To obtain an involuntary medication order, a county must satisfy the multi-step test for incompetency to make medication decisions in §51.61(1)(g)4. The first step requires the county to prove that the person received a “reasonable explanation” of the advantages, disadvantages, and alternatives to medication. The examiner can’t just testify that she complied with the statute. She must tell the court what she told the person about the medication. In “Dan’s” case, the court of appeals reversed the involuntary medication order because the county failed this step.
At Dan’s medication hearing, Dr. Anderson testified that she prescribed 7 different medications, and they were administered to him 15 times a day. One of the medications–escitalopram–was new for him. Another medication–Haloperidol–was administered through an intramuscular injection when Dan refused to take certain medications orally.
SCOW holds that before ordering involuntary medication, the circuit court must first be satisfied that the person received a “reasonable explanation” of it. Outagamie County. v. Melanie L., 2013 WI 67, ¶37, 349 Wis. 2d 148, 833 N.W.2d 607; see also Virgil D. v. Rock County, 189 Wis. 2d 1, 14, 524 N.W.2d 894 (1994). Specifically:
The explanation should include why a particular drug is being prescribed, what the advantages of the drug are expected to be, what side effects may be anticipated or are possible, and whether there are reasonable alternatives to the prescribed medication. The explanation should be timely, and, ideally, it should be periodically repeated and reinforced. Id., ¶67. (Emphasis supplied).
If the county satisfies this step, it may proceed to prove that the person is either “incapable of understanding” or “substantially incapable of applying an understanding of” the advantages, disadvantages, and alternatives to the prescribed medication. Opinion, ¶13.
The court of appeals held that the County failed the first or “reasonable explanation” step in Dan’s case for the following reasons:
¶17 First, we consider the discussion of Haloperidol to be inadequate. The record reflects that Dr. Anderson did not testify that she explained the advantages and disadvantages of Haloperidol to Dan, despite relying upon Haloperidol as the preferred alternative and injectable option for three other drugs. She did not explain why Dan was prescribed three other medications when one medication could serve as an acceptable alternative to all three.
¶18 Second, Dr. Anderson’s testimony about escitalopram was insufficient. The discussion was brief, referencing that it was a treatment for anxiety. However, the doctor did testify that Dan had only used the medication for about two months. As a newer medication, there is no record to support that there has been an ongoing conversation over his multi-year treatment plan to discuss this medication. Further, she did not discuss why this medication was added into the medication roster and whether it replaced another medication or responded to a new symptom.
¶19 Third, the doctor’s testimony regarding side effects appeared to minimize this issue. Although the doctor testified that she prescribed Benztropine as a probable prophylaxis of side effects and stated that Dan had a high risk of developing side effects because he was also prescribed Risperidone, she failed to discuss what side effects would be prevented. Further, the doctor did not testify about any serious side effects to the medication list, but only mentioned mood, weight gain, and sedation. On appeal Dan references far more serious side effects to Haloperidol, a point noted by this court in State v. Green, 2021 WI App 18, ¶23, 396 Wis. 2d 658, 957 N.W.2d 583, review granted, 2022 WI 88, and aff’d in part, 2022 WI 30, 401 Wis. 2d 542, 973 N.W.2d 770.11
If you think that the court of appeals is requiring a more detailed medication explanation than necessary, consider what the Wisconsin Department of Health Services requires patients to acknowledge in writing before accepting the very same medications that are often administered to SPD clients involuntarily.
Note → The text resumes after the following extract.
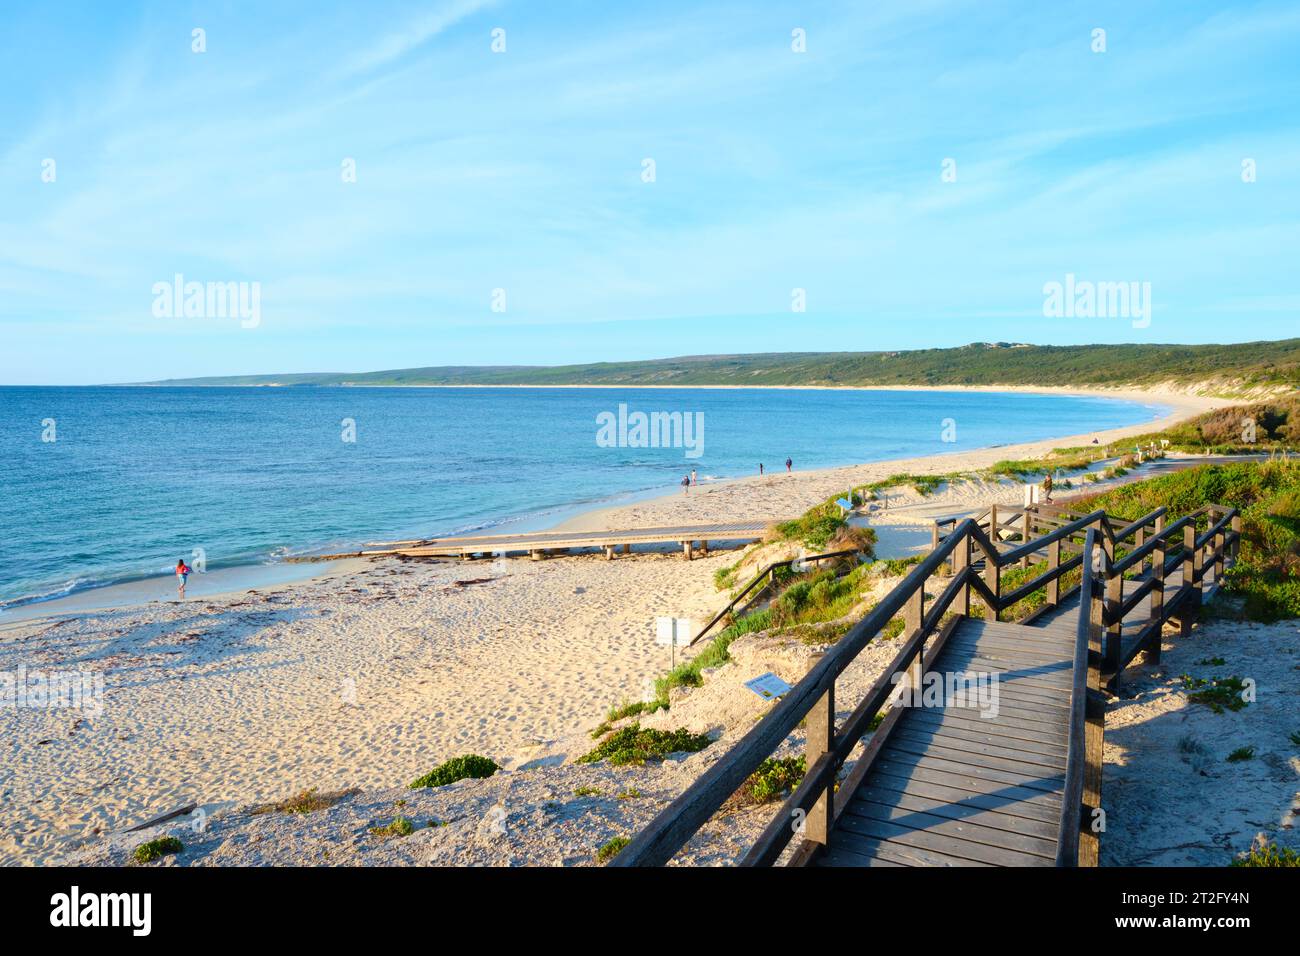 A view across Hamelin Bay in late afternoon light in the south-west region of Western Australia. Stock Photo

DHS has created a separate “informed consent” form for each medication. Click here. The patient must sign off on a long list of potential side effects.
For instance, suppose a doctor recommended Haldol. DHS says that before taking the medication, the patient must acknowledge that its “most common” side effects include fainting, mask-like face, shaking of hands, inability to move eyes, worm-like movements of the tongue, trouble breathing, uncontrolled twisting movements of neck, trunk, arms or legs, among many other things. See DHS’s “informed consent” form for Haldol here. Have you ever seen a court-appointed examiner testify that she explained these comment side effects to an SPD client?
Note that §51.20(1)(g)4‘s “reasonable explanation” requirement is also included §55.14(1)(b), §971.14(3)(dm), §971.16(3), and §51.20(1)(a)2.e (the 5th standard of dangerousness for a commitment). That means defense lawyers may use this decision to defend against involuntary medication under any of these statutes.